Rethinking Common Sense
An old philosophical tradition took common sense to be the place where all our modalities come together — where touch, taste and vision united in the mind to form a multimodal iconic model of the external world. For AI researchers operating in the 20th century, it was more common to think of a giant written encyclopedia, where our beliefs were written down in cross-referencing sentences — a database of logical representations.
But in either case, it required someone to consult these models or databases, a central reasoner who would pick out what matters in the models or databases (or both) to figure it all out. It is no surprise people struggled with creating common-sense AI since it seemed you’d need both a system that could know everything but also know how to access all the relevant stuff when solving a common-sense puzzle.
But when normal people talk of common sense, it tends to be because someone lacks it — someone behaving awkwardly or saying stupid things. When we ascribe common sense, it is to people who behave normally — people who have the skills and know-how to navigate the world.
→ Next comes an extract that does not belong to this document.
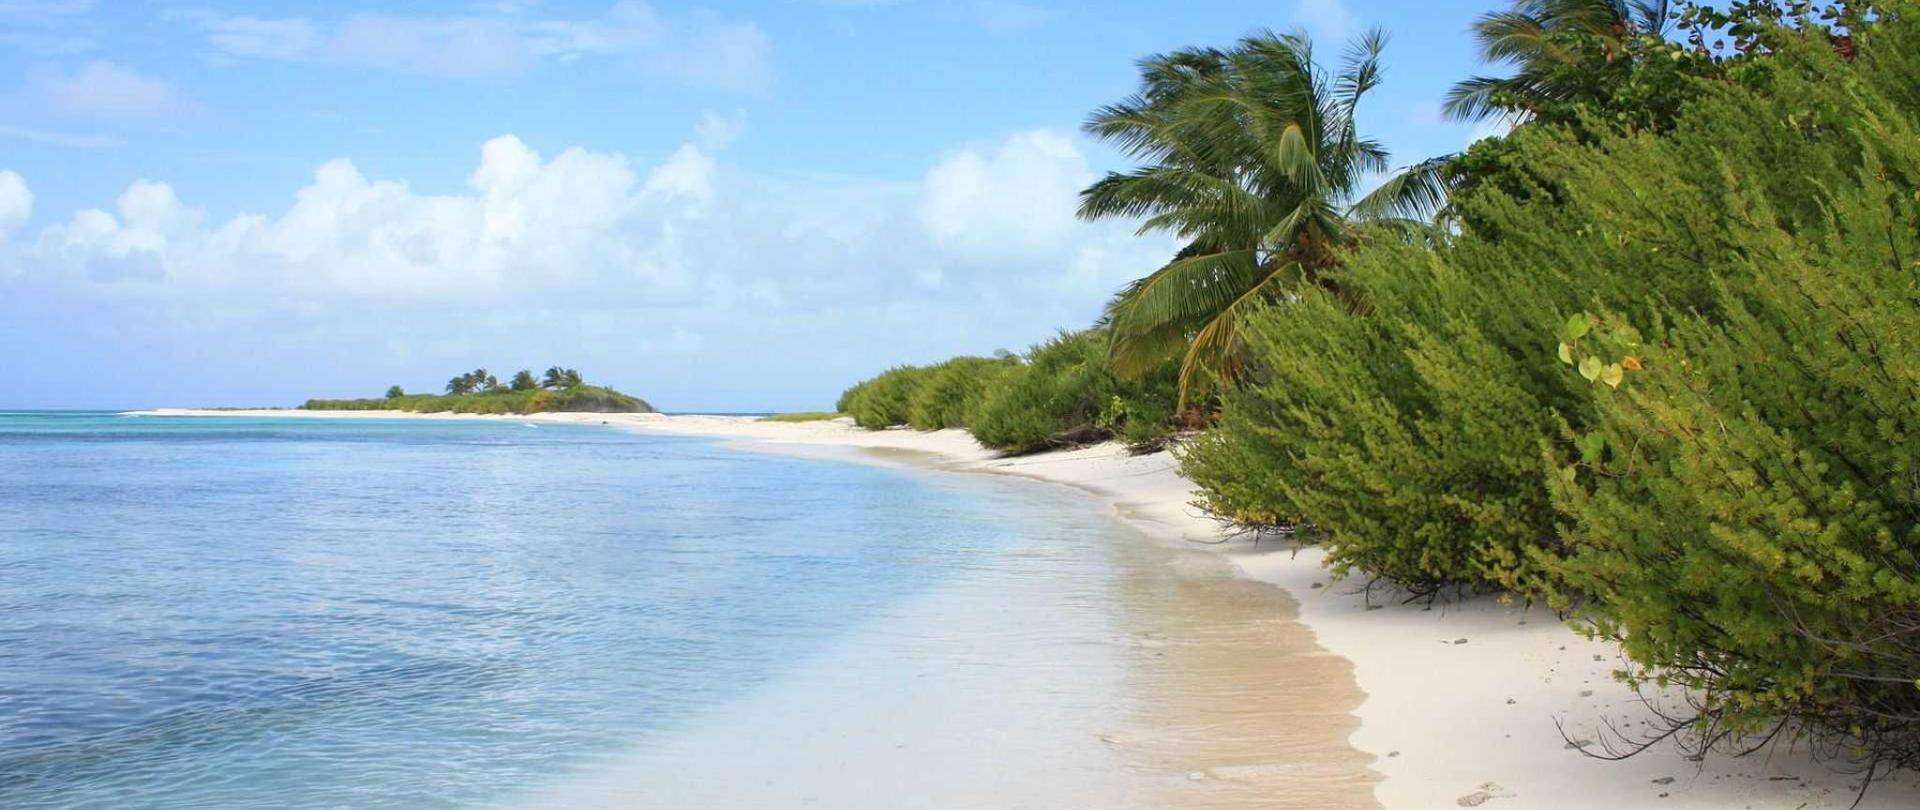 uninhabited_island_cayo_bolivar-1.jpg

This model of common sense is less like the logical and iconic versions, where it is expected common sense is some giant body of knowledge in the brain, and instead hews closer to what we see in distributed representations.
Neural networks often generate a distributed representation that captures the right way to understand and act given a specific task. Multimodal neural networks allow these distributed representations to become much more robust. In CLIP and DALL-E’s case, the rich connections between logical and iconic representations provide them with a background familiarity about the world — discerning not just how words hang together but also what they imply about what things look like.
This approach to understanding makes more sense from an evolutionary perspective: let each species come up with the appropriate representations relative to its body, modalities and skills. What is meaningful to each species is relative to the world they inhabit, and what isn’t meaningful just doesn’t need to be represented. The common sense of a dog is its ability to do lots of dog-like things well, but there certainly isn’t any central reasoner inside a dog, or any database of language-like sentences specifying their beliefs and desires. A species represents its world in terms of how it should respond, and leaves the rest unrepresented.
This more modest take on common sense has implications for supposed worries about superintelligent machines hoovering up vast amounts of data — perhaps the encyclopedia of beliefs or the model of everything — which then leads to an omnicompetent general reasoner. But CLIP and DALL-E demonstrate that this is backwards: doing precedes knowing, and what we need to do determines what we know. Any representation of the world — logical, iconic or distributed — involves an assumption about what does and does not matter; you don’t take a picture of a sound. Humans know a lot because they do a lot — not vice-versa.
Machine understanding is not an all-or-nothing matter. Machines will continue to understand more through the piecemeal accumulation of skills that expand what they can do. This means artificial general intelligence won’t look like what we thought, but will likely be similar to us — a bundle of skills with rough-and-ready representations of what it needs to know to accomplish its various tasks. There is no more to general intelligence than that.